▶ **Source data**:
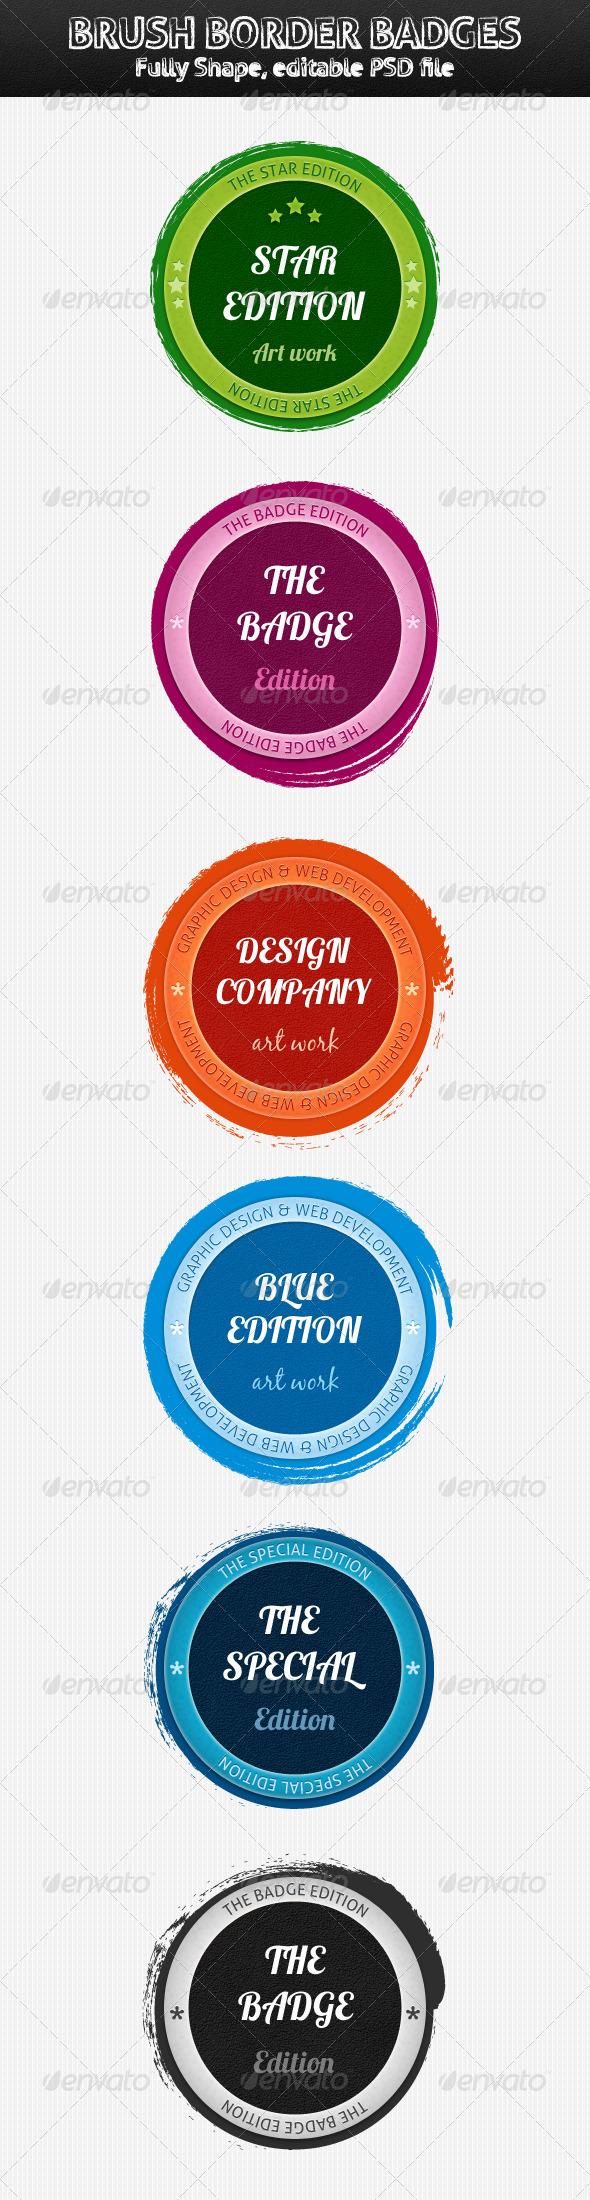 GraphicRiver Brush Border Badges 3277062
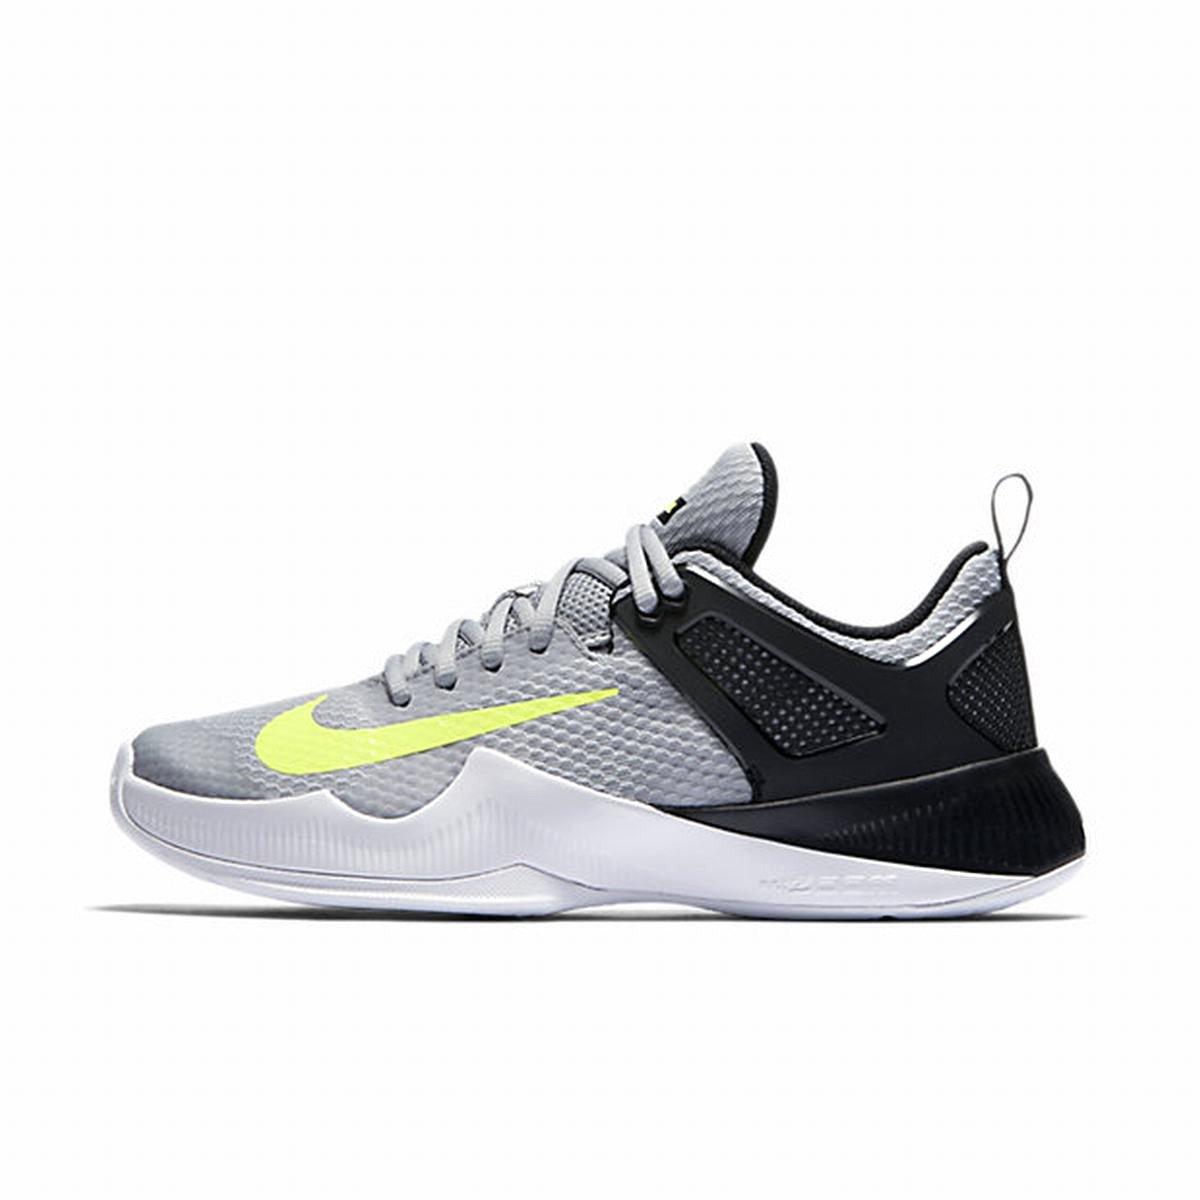 Nike Womens Air Zoom Hyperace Running Shoes ( 9 B(M) US , Wolf Grey / Volt - Black )
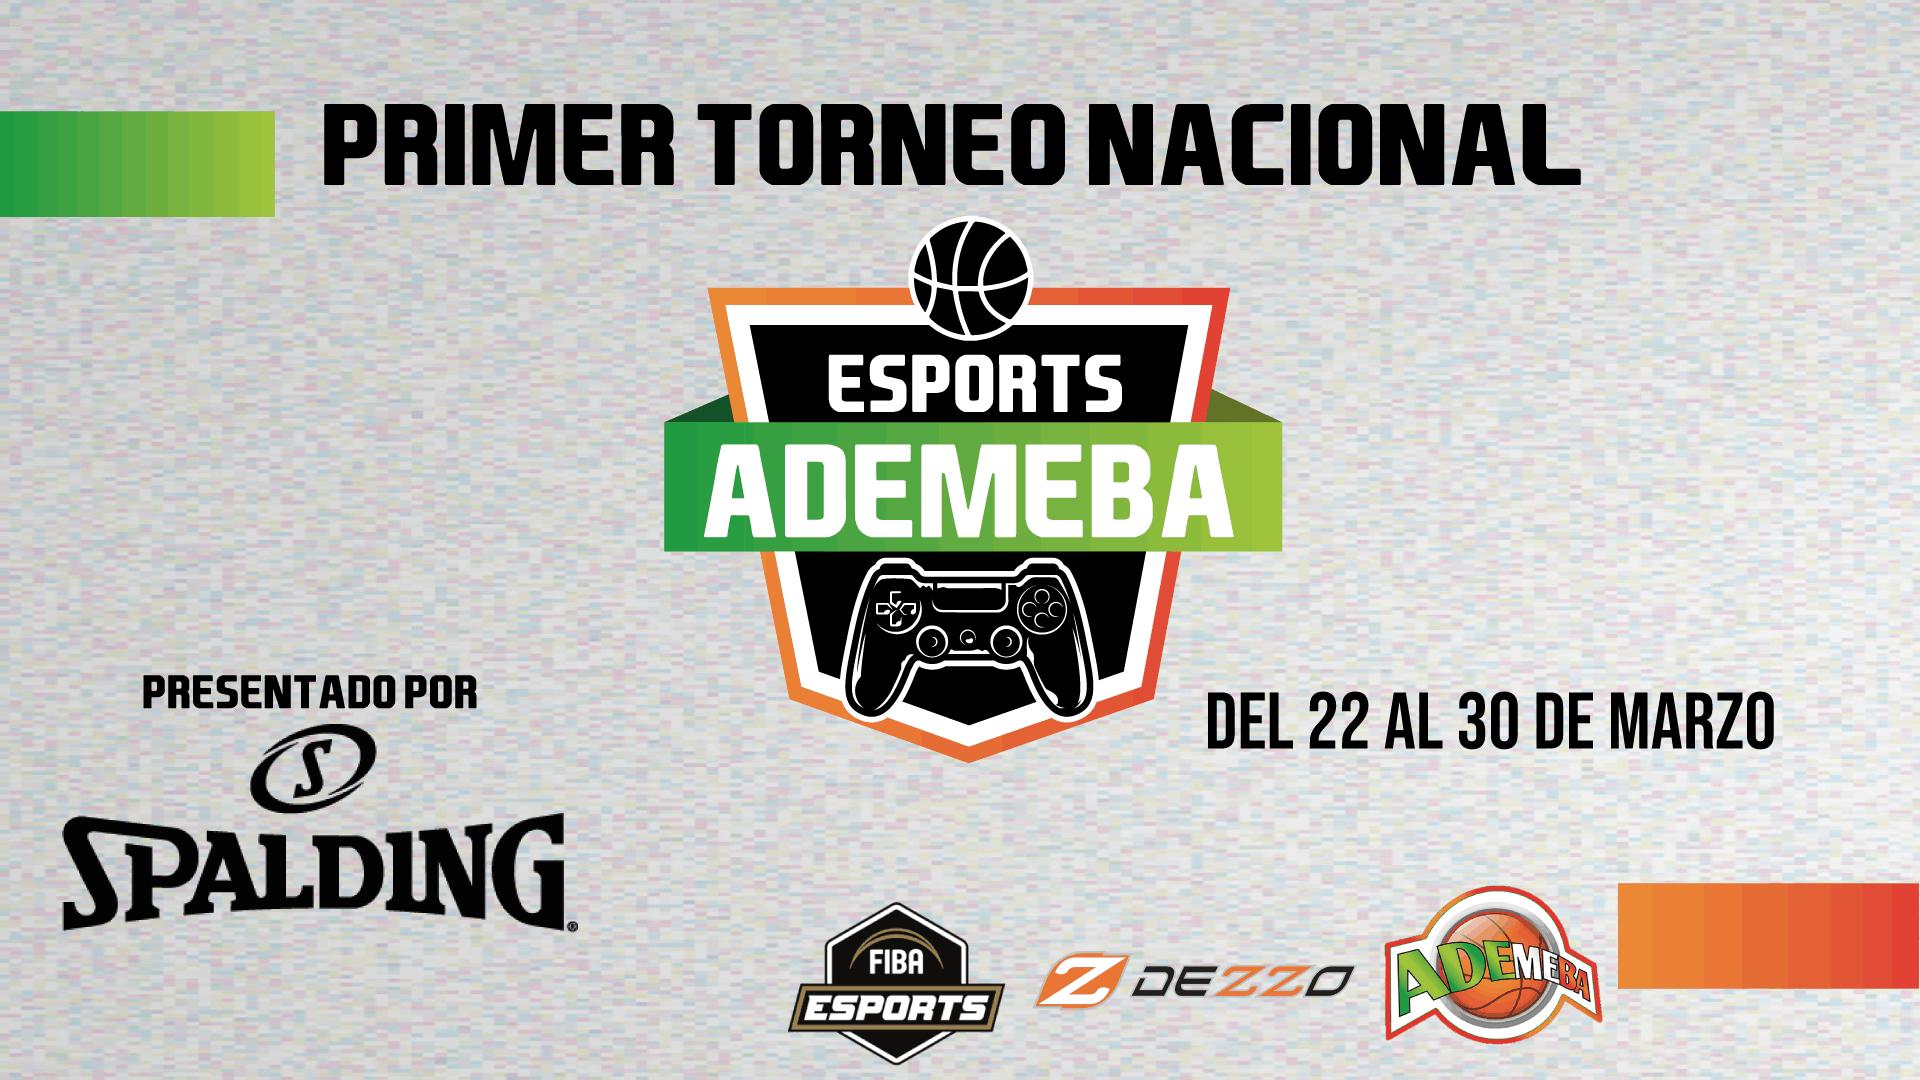 Presentan el torneo Ademeba ESports 2021

▶ **To do**: Please copy the data shown above precisely, leaving the images out.

▶ **Solution to this problem**:
 GraphicRiver Brush Border Badges 3277062
 Nike Womens Air Zoom Hyperace Running Shoes ( 9 B(M) US , Wolf Grey / Volt - Black )
 Presentan el torneo Ademeba ESports 2021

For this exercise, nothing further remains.